Он играл хорошо, так хорошо, что публика слушала, затаив дыхание. Вдруг в тишине прозвучал чей-то голос:
— Мыши.
Этот голос подхватила толпа:
«Крысы! Крысы!»
Эти крики заставили скрипача прекратить игру.
Я взглянул на сцену. На ярко освещенном полу сидела на задних лапках крыса и умывала свою мордочку, умылась и застыла в спокойной позе, как будто заслушалась звуков музыки. А когда занавес упал и раздались шумные аплодисменты, крыса быстро убежала за кулисы и скрылась в щель под полом.
Что это была за крыса и откуда она взялась?
Только один я мог дать на это ответ. Конечно, это была моя исчезнувшая два месяца тому назад крыса «крысолова из Гамельна».
Расходясь, публика говорила:
— Вот когда приходится собственными глазами убедиться в том, что крысы безумно любят музыку.
— Ах, еще бы, маленький скрипач так божественно играл!
— Заметили ли вы, как трогательно сложила лапки крыса?

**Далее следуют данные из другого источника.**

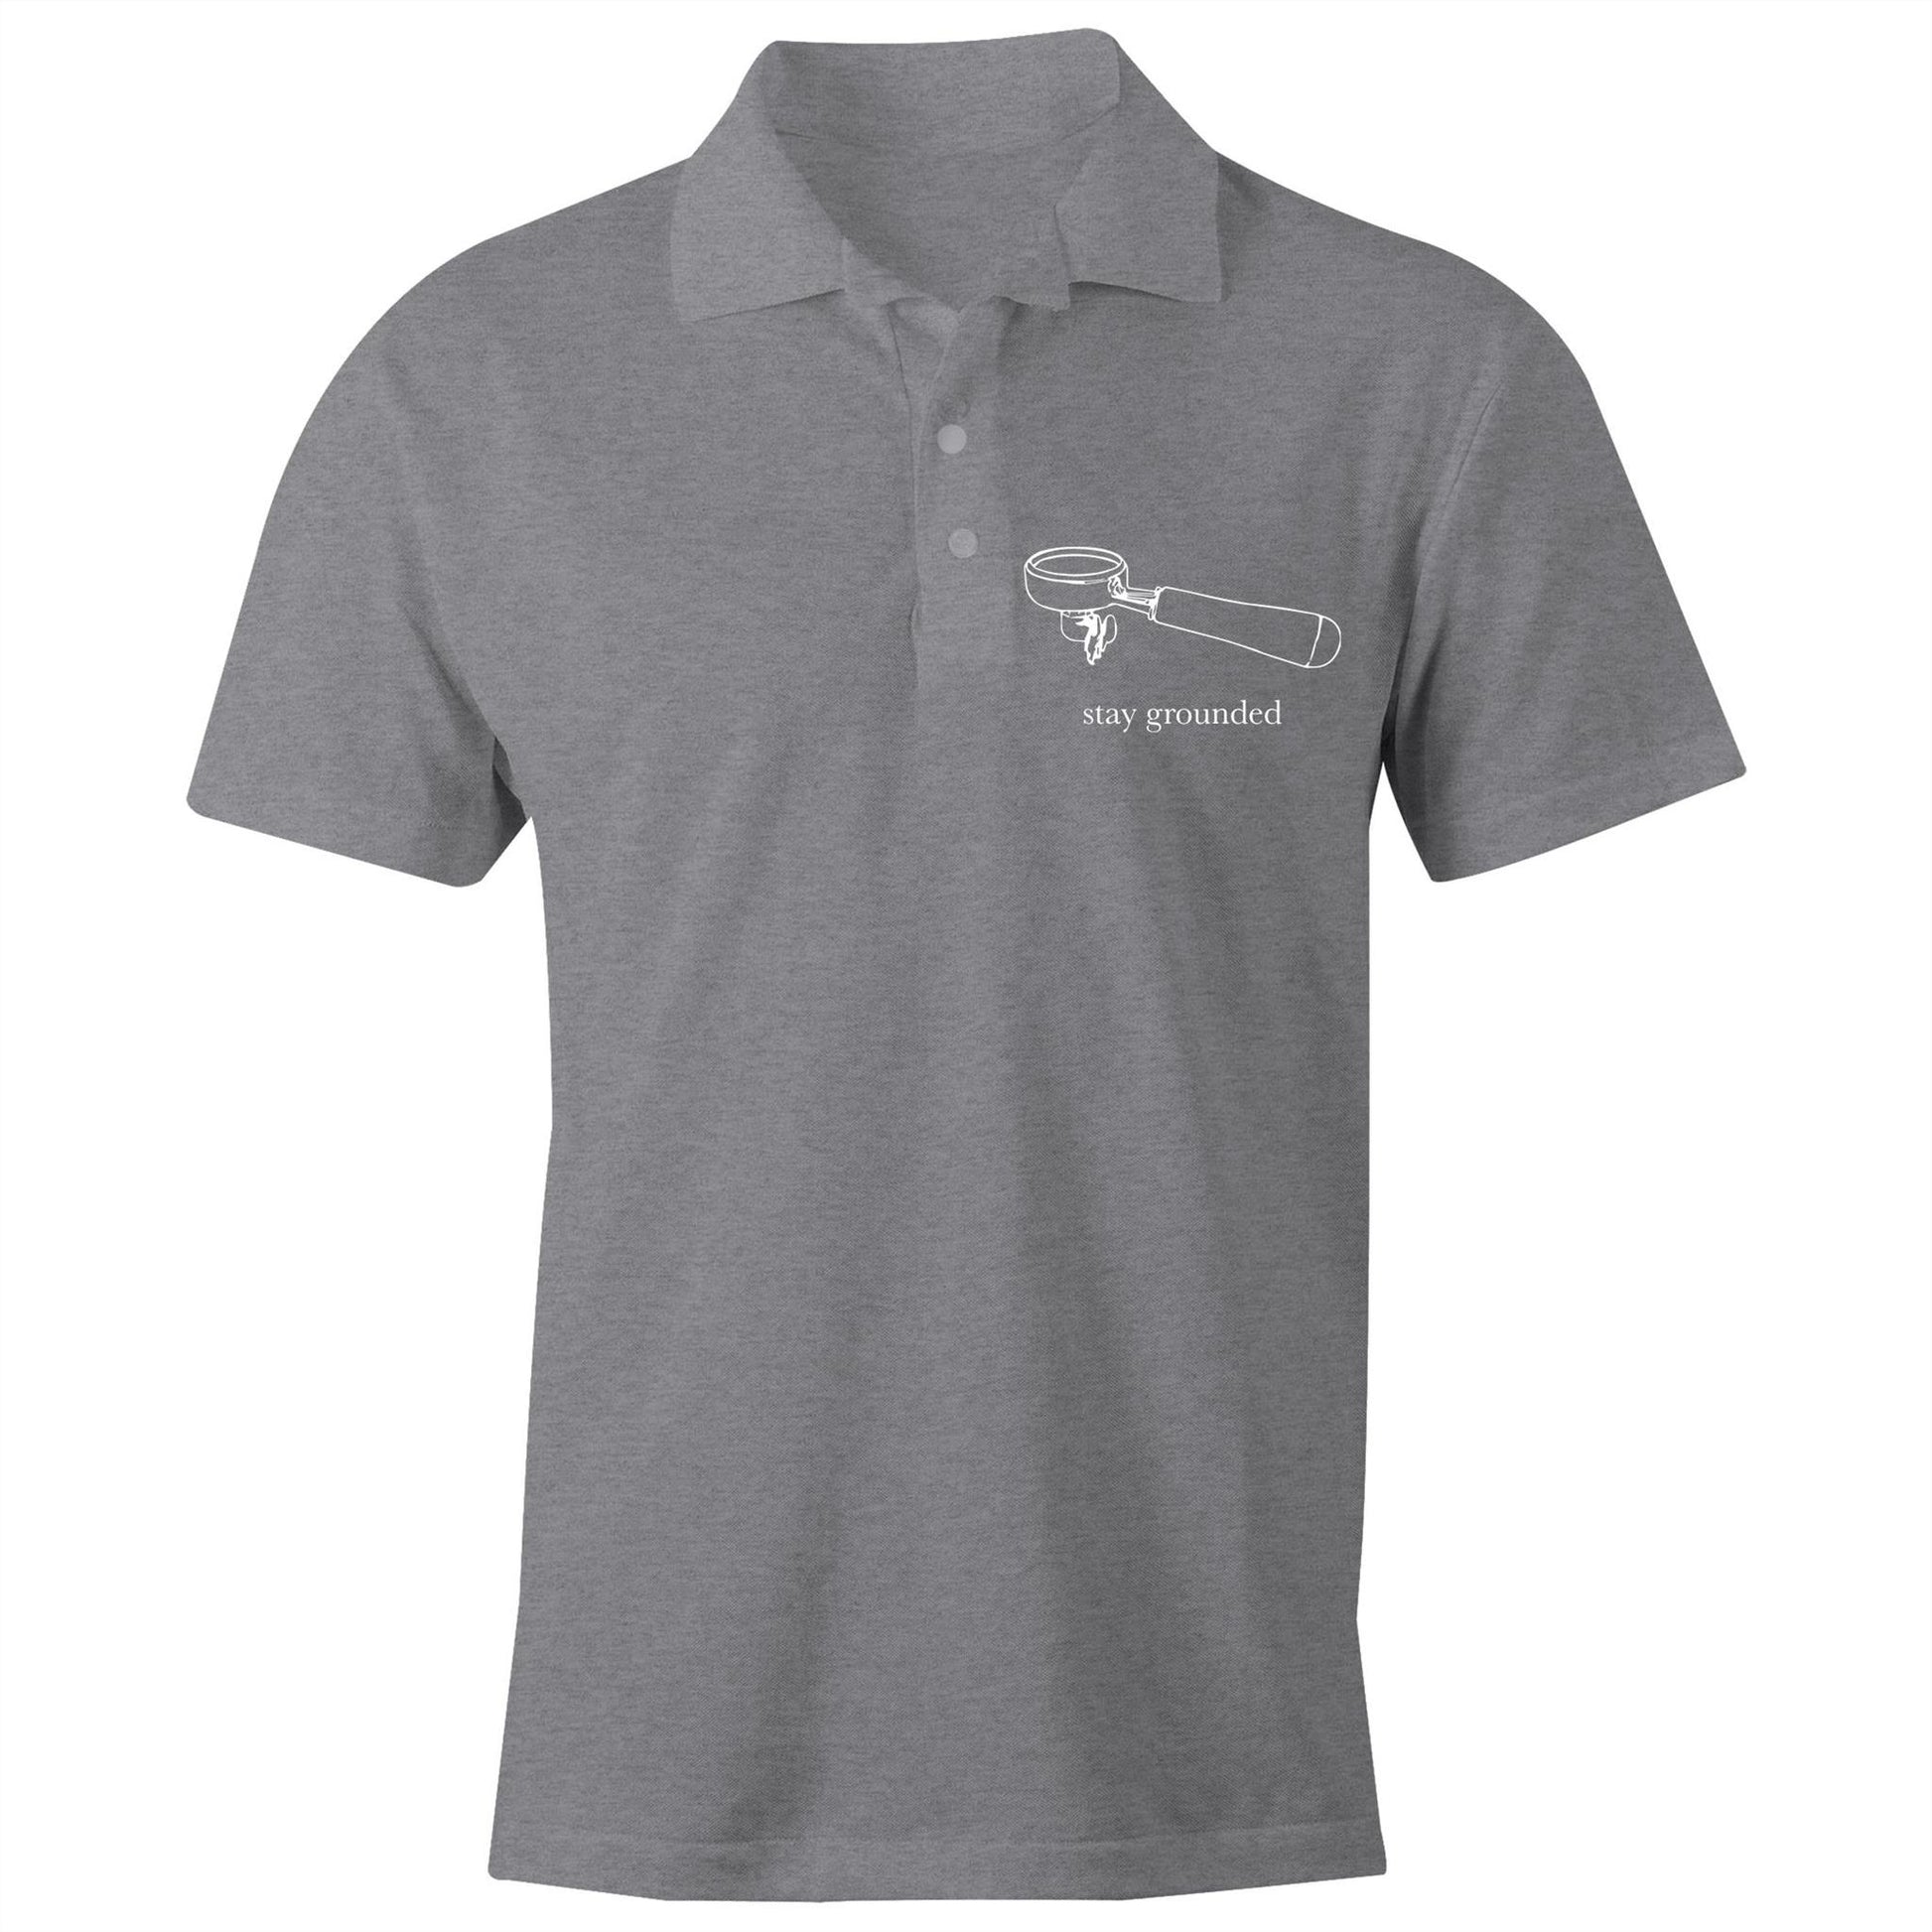 Stay Grounded - Chad S/S Polo Shirt, Printed Grey Marle Polo Shirt Coffee

— У этих животных поразительная любовь к музыке. Из-за музыкальности я даже готова примириться с их отвратительной наружностью…

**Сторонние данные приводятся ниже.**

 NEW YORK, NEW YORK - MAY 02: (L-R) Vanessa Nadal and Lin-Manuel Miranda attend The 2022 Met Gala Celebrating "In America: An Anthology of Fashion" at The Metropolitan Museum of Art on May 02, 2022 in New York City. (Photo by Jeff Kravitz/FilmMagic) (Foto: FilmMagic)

— Жаль, что нет здесь Дурова; он, наверное бы, устроил блестящий номер: «крыса-музыкантша».
Но Дуров знал другое. Он знал, что крыса прибежала на звук скрипки потому, что он ей напомнил звук дудочки, а с этим звуком для нее связывалось представление о лакомом кусочке, получаемом за труд; Дуров знал, что крысы вовсе не так музыкальны, как это думала публика.
В обществе распространено мнение, что укротители привлекают змей музыкой. Это совсем не верно. На самом деле укротители змей, или факиры, как их называют в афишах, кормят и тревожат змей под призывные звуки дудок, и каждый раз, как фокуснику нужно вызвать животное, он призывает его одним и тем же звуком дудки. На знакомый звук, ожидая пищи, змеи вылезают из ящика, а простодушная публика кричит:
— Вы заметили, как змея смотрит на факира? У нее зачарованный музыкой взгляд. О, это изумительно, — влияние музыки на животных! Об этом даже есть исследования ученых…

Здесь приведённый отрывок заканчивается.